▶ _Your assignment_: Copy the listing in full and exactly, omitting its images.

▶ _Recorded information_:

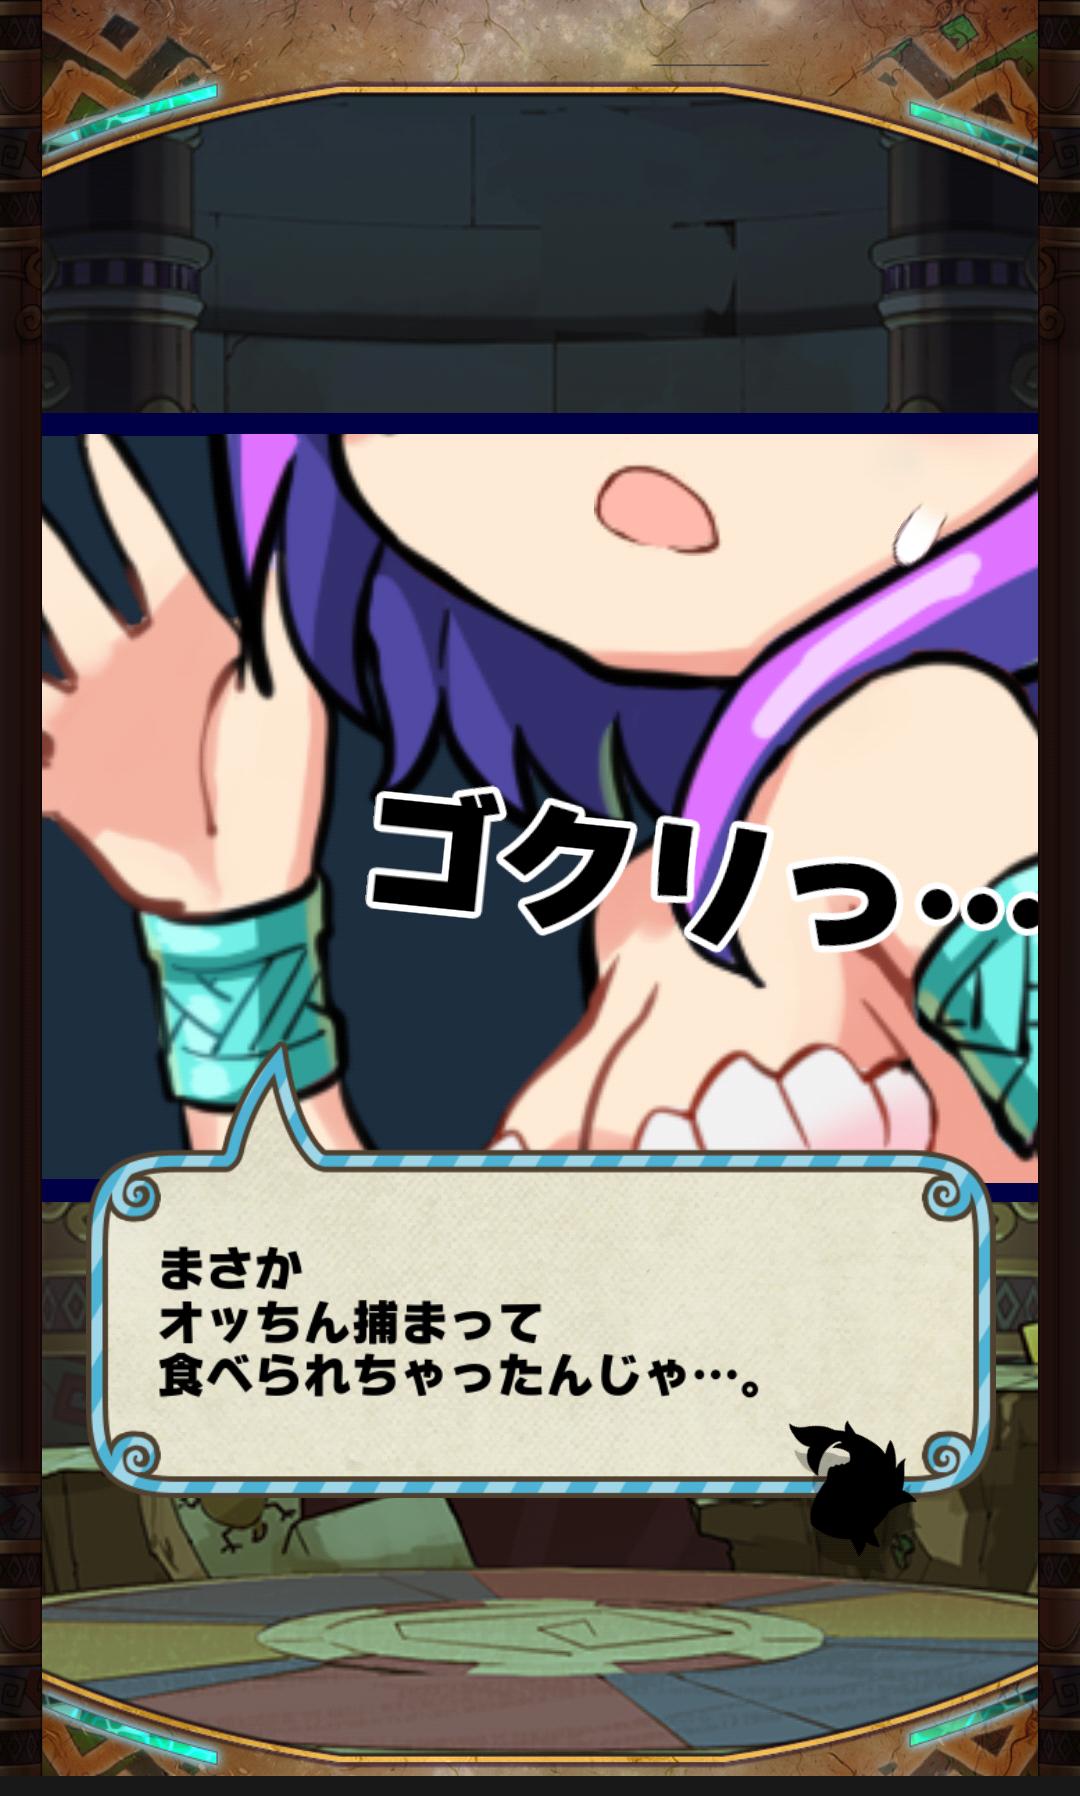 androidアプリ アニモン 人魚姫マーメの冒険攻略スクリーンショット5
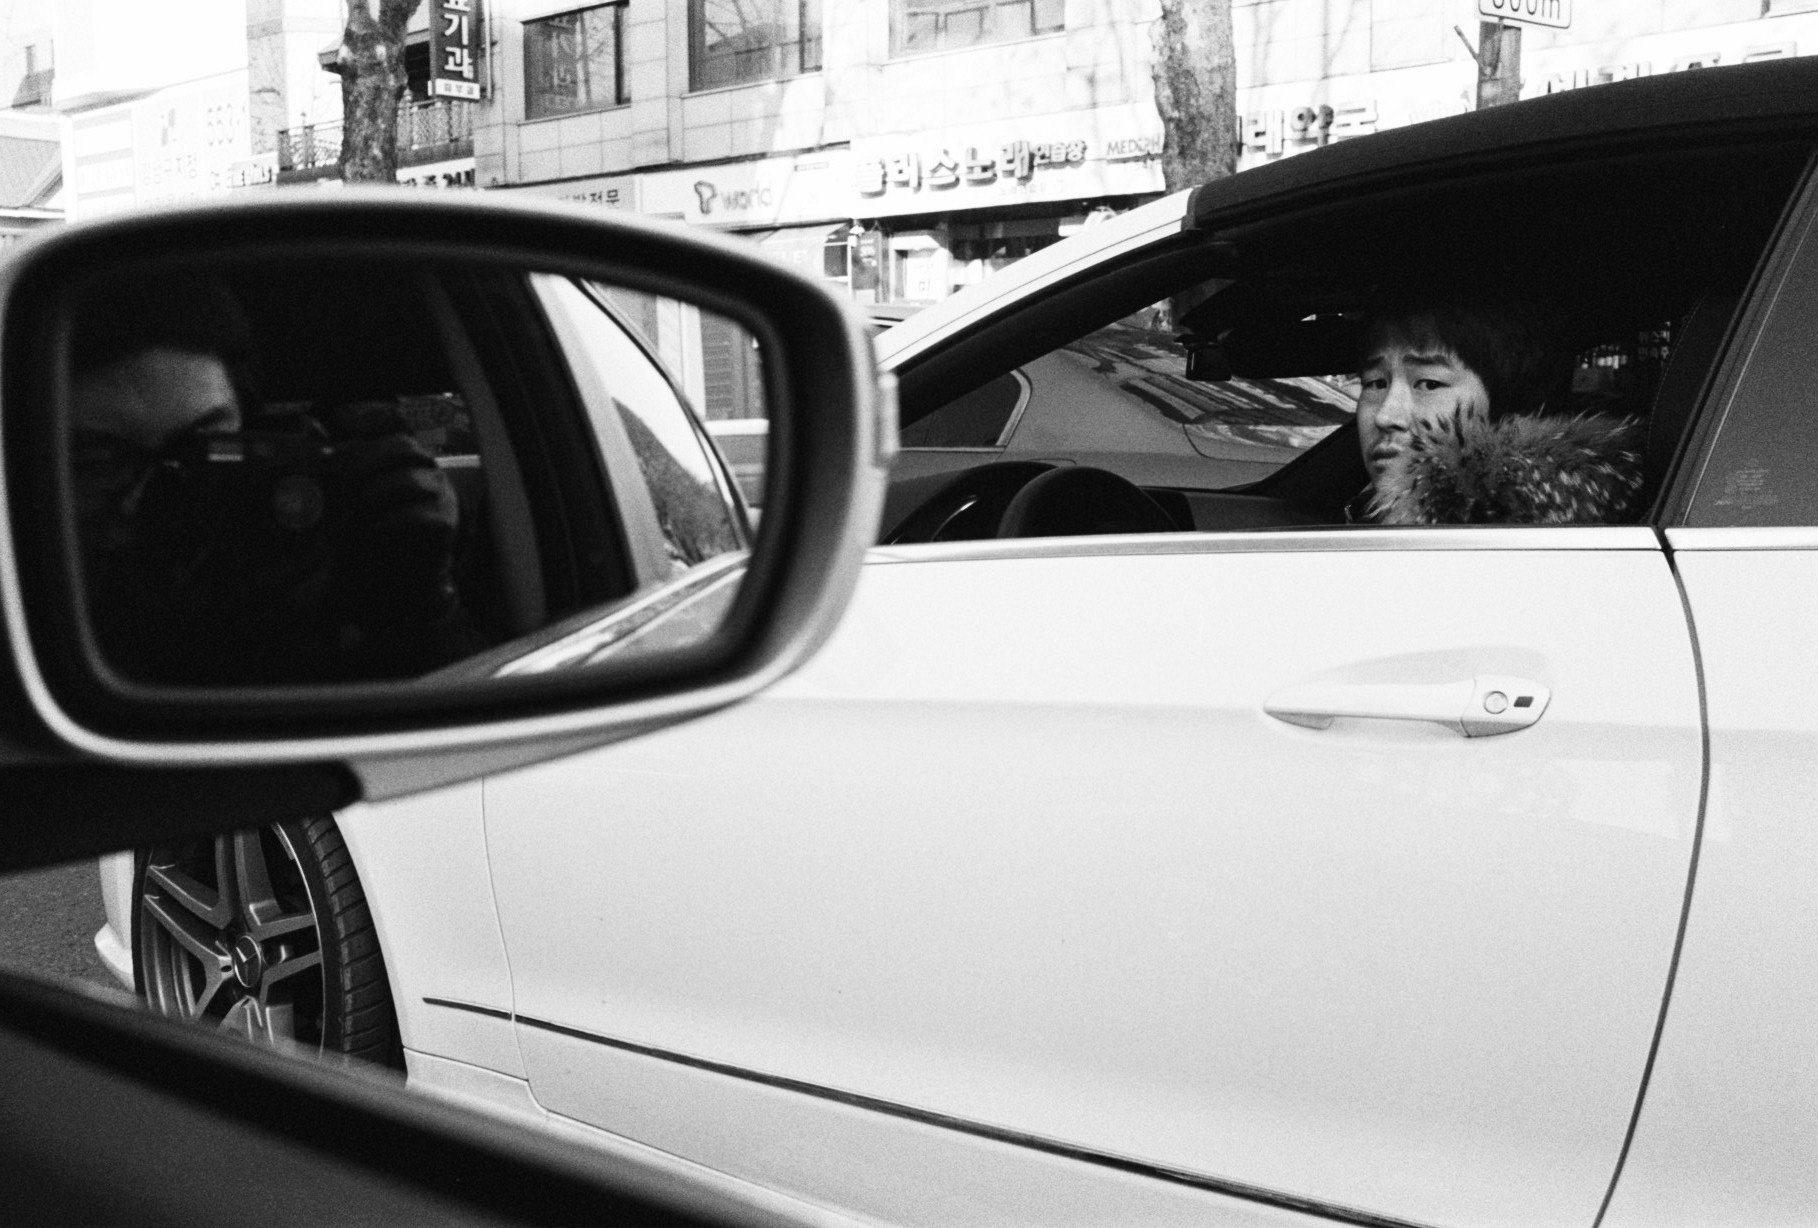 eric kim photography black and white - 6779806095_c2661e8ef4_o
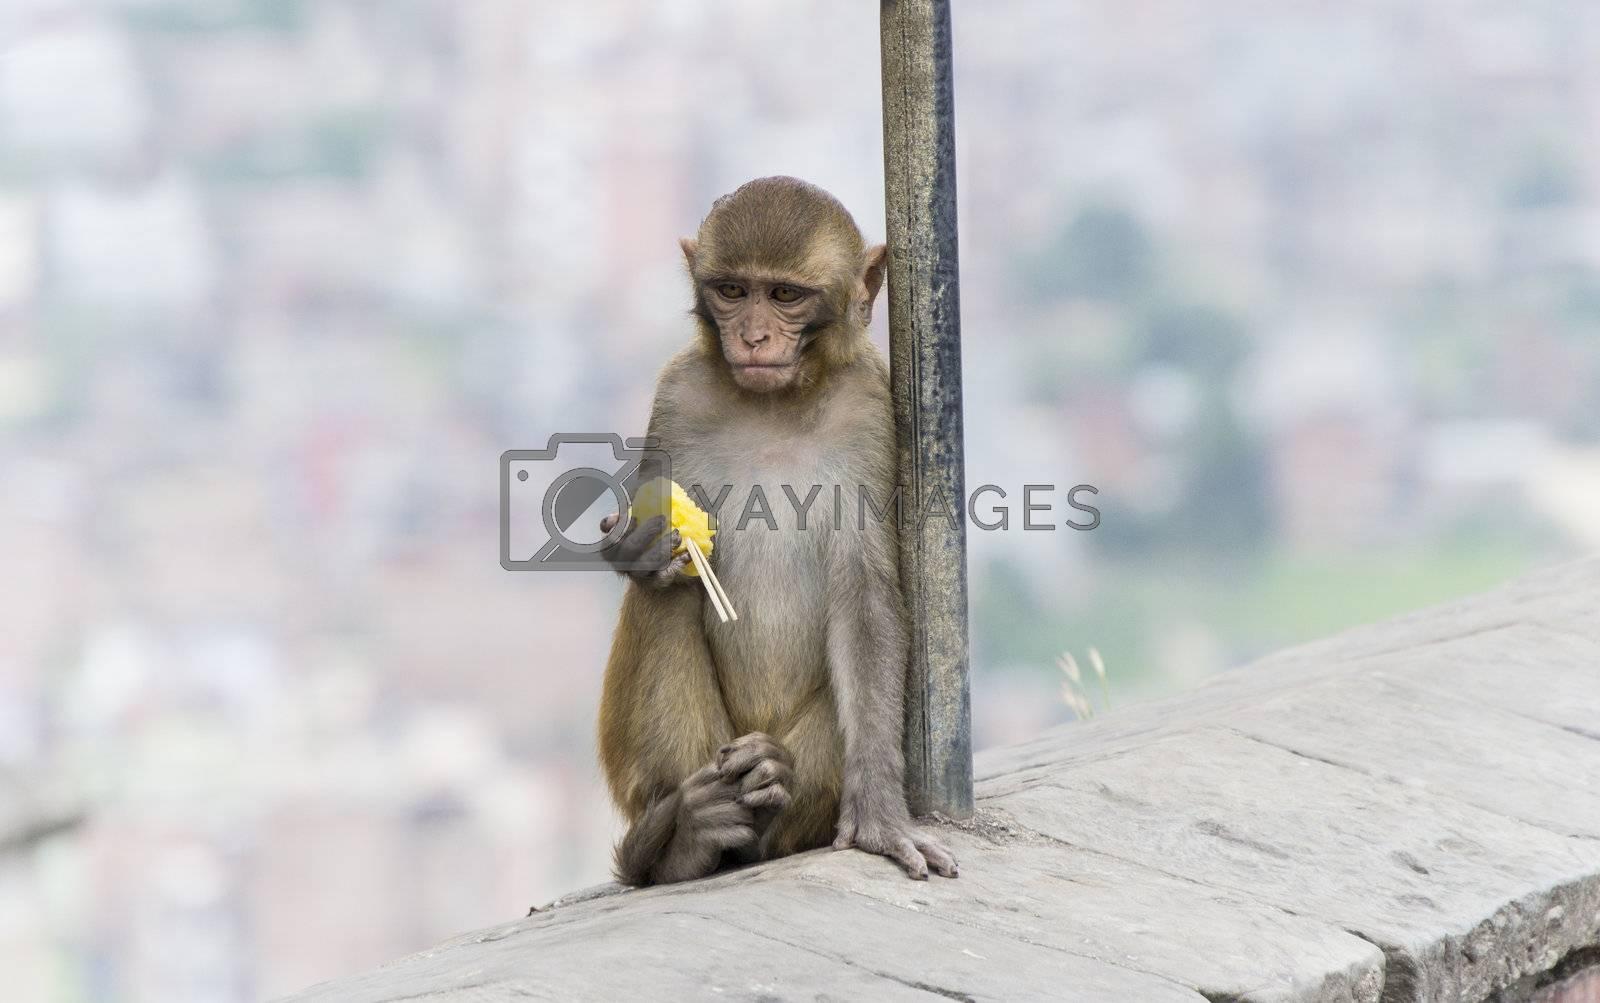 single monkey in nepal sitting on wall. vertical image.

▶ _Your solution_:
 androidアプリ アニモン 人魚姫マーメの冒険攻略スクリーンショット5
 eric kim photography black and white - 6779806095_c2661e8ef4_o
 single monkey in nepal sitting on wall. vertical image.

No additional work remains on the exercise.